By Todd Cohen
Nonprofits should make it their business to strengthen their partnerships with business.
Those partnerships can benefit nonprofits and businesses alike.
Nonprofits are searching for ways to stretch their limited resources so they can meet rising demand for services fueled by the wounded economy.
And businesses, also slammed by the economic crisis, are looking for ways to build their brand and stretch the limited dollars they have to support community causes.
A simple solution for both groups is to find ways to work more closely with one another, particularly by putting business employees to work as nonprofit volunteers.
Volunteers, whether they serve on boards, work with clients or handle back-office assignments, add expertise and new energy and ideas to a nonprofit.

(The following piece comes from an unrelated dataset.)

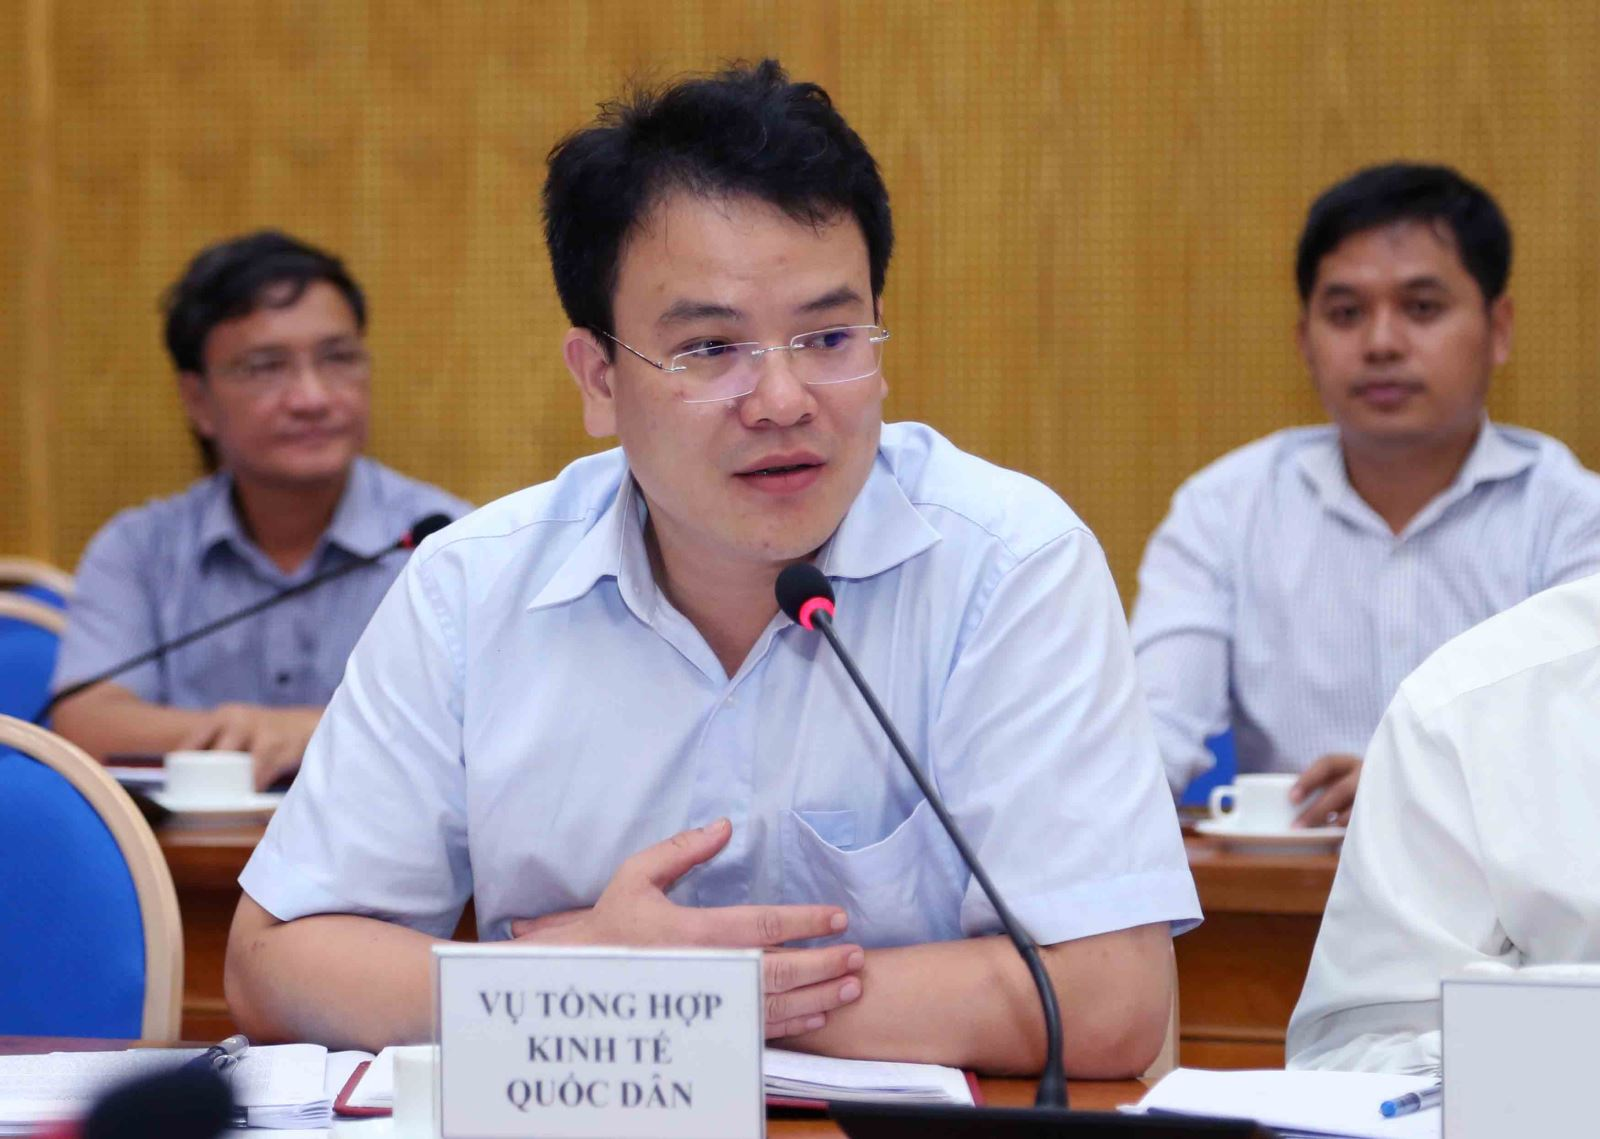 Nợ công Việt Nam năm 2018 là 3,13 triệu tỷ đồng

And employees’ volunteer experience can yield a high return on investment for their employers, whether or not the employees are permitted to volunteer on company time.
Not only does volunteering give employees the kind of professional-development training and hands-on experience their employers otherwise might not provide, but it also can make employees feel better about the companies they work for.
Research consistently has shown good corporate citizens are more likely to keep and attract employees.
Matching nonprofits that need volunteers with businesses looking for ways to encourage employee volunteerism also can be great way to build “social capital,” or the social connections within a community.
Some communities already have organizations or programs — volunteer centers, United Ways, executive service programs and chambers of commerce — that can serve as a volunteer broker between nonprofits and businesses.
And in communities that lack such programs, those groups as well as community foundations can step up and play that role.
Philanthropy and the nonprofit sector should be all about building community by boosting the capacity of people and places in need.
Sadly, much of philanthropy and the nonprofit sector has become all about building empires for individual nonprofits and philanthropic organizations.
By working together to encourage and broker corporate volunteerism, nonprofits, companies and other groups can help strengthen the culture of philanthropy in their community.